To make a parentage order, the Local Court must be satisfied that the surrogacy arrangement was entered into for either a medical reason (e.g. an inability to conceive, carry or bear a child, a risk to the life or health of the child, or a risk to the life or health of the mother) or a non-medical reason. Examples of non-medical reasons provided in the Explanatory Memorandum include “a male same-sex couple or a trans man who is physically able to become pregnant but for whom pregnancy would conflict with their gender identity”.

Measured against the reality, any claim that “the best interests of the child” have been prioritised in the Northern Territory’s new surrogacy law is clearly just empty rhetoric.

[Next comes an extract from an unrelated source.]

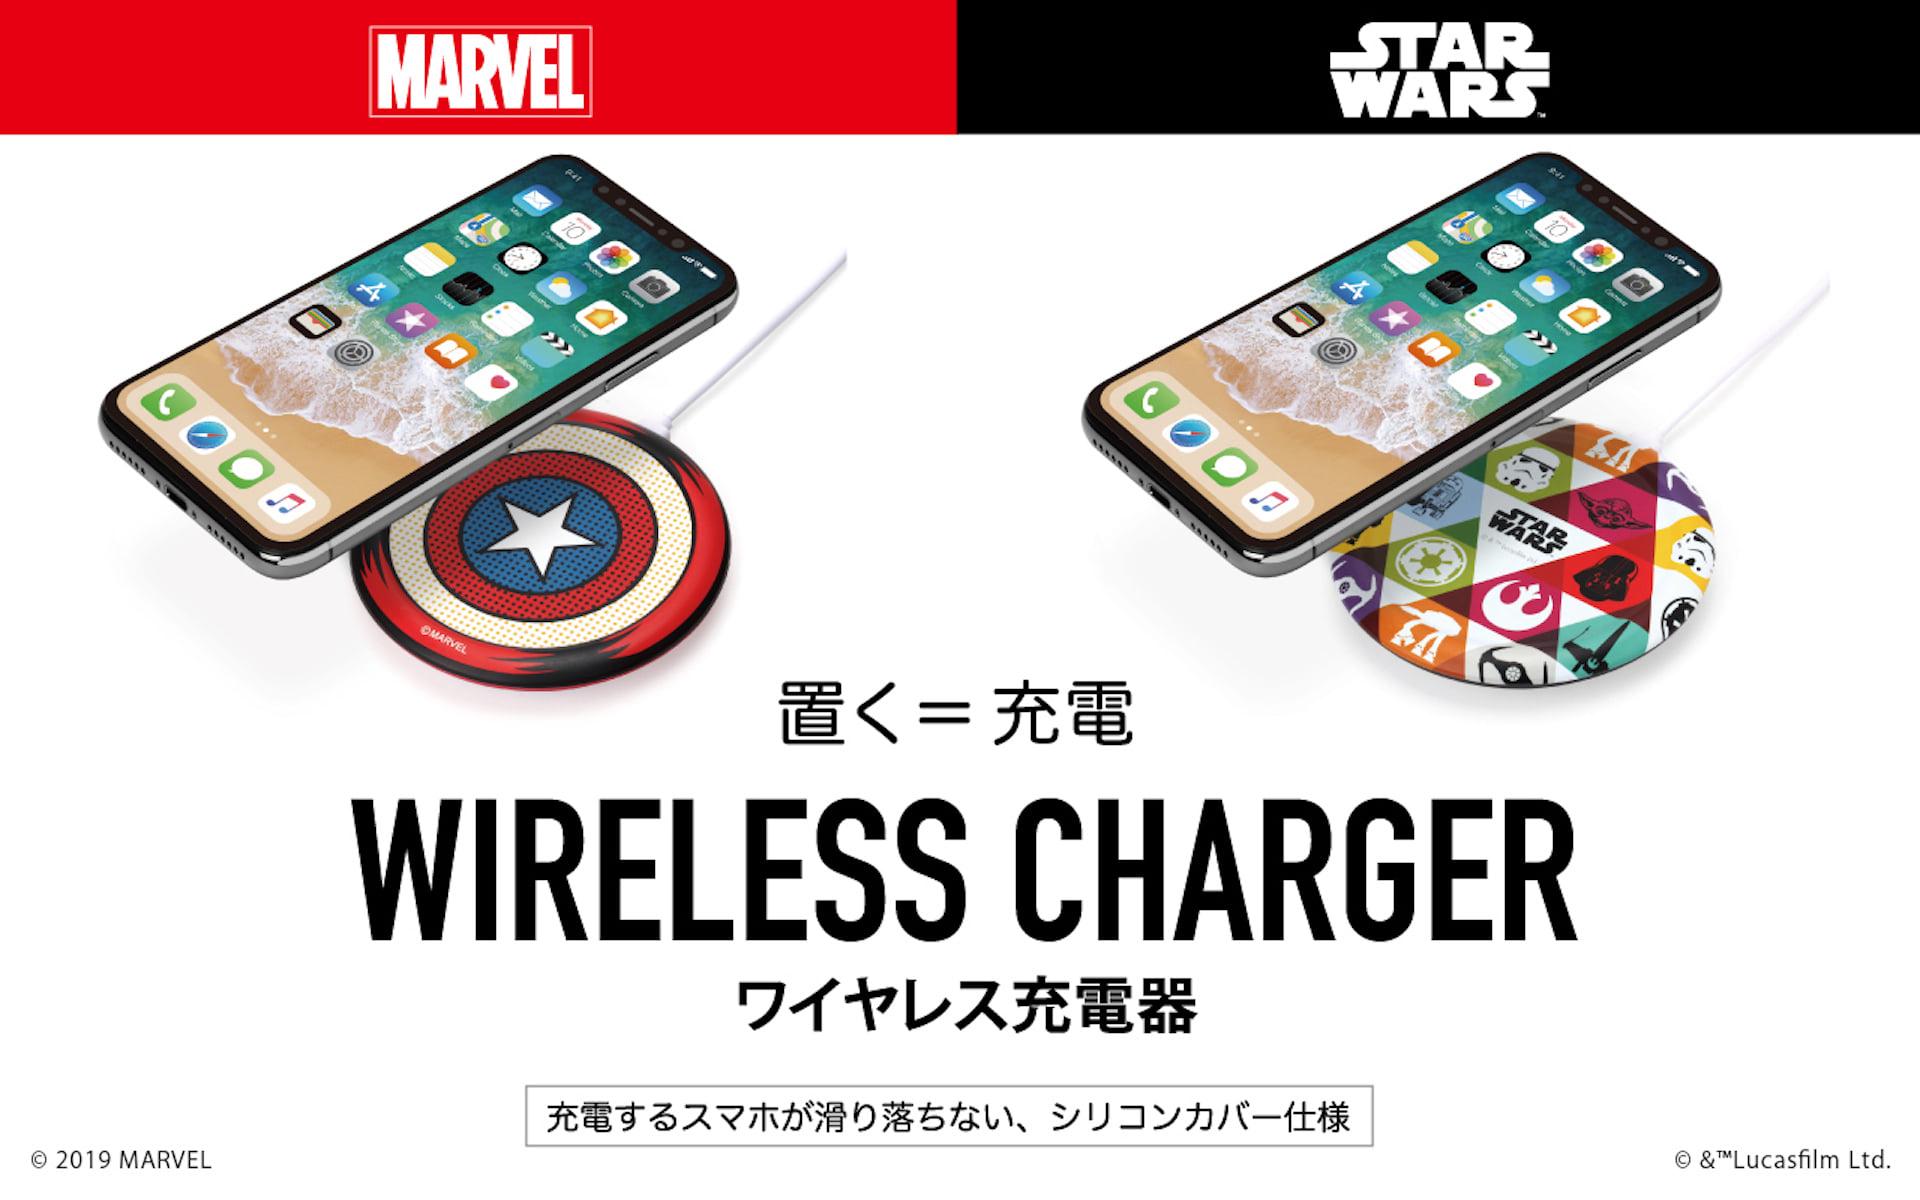 「MARVEL」「STARWARS」仕様のQi認証ワイヤレス充電器が登場|厚さ12mm、置くだけで充電可能 technology190718marvel-qichager_1-1920x1200

Children commissioned in surrogacy are subject to the whims of adults at every point: they are commissioned to satisfy an adult’s wish to acquire a child; they are gestated by a woman who plans to give them up and will not parent them; none of the adults involved in the surrogacy agreement is legally committed to take responsibility for them, leaving them at elevated risk of abandonment; further, surrogate children may be placed in the care of adults who have not been subject to any of the background checks that would normally apply in cases of adoption.

None of this is consistent with “the best interests of the child”. It is time for politicians to stop pretending otherwise. Whether altruistic or not, surrogacy laws facilitate the exploitation and commodification of women and children. If we are genuine about putting the needs of children first, then laws to facilitate surrogacy should not even be on the table.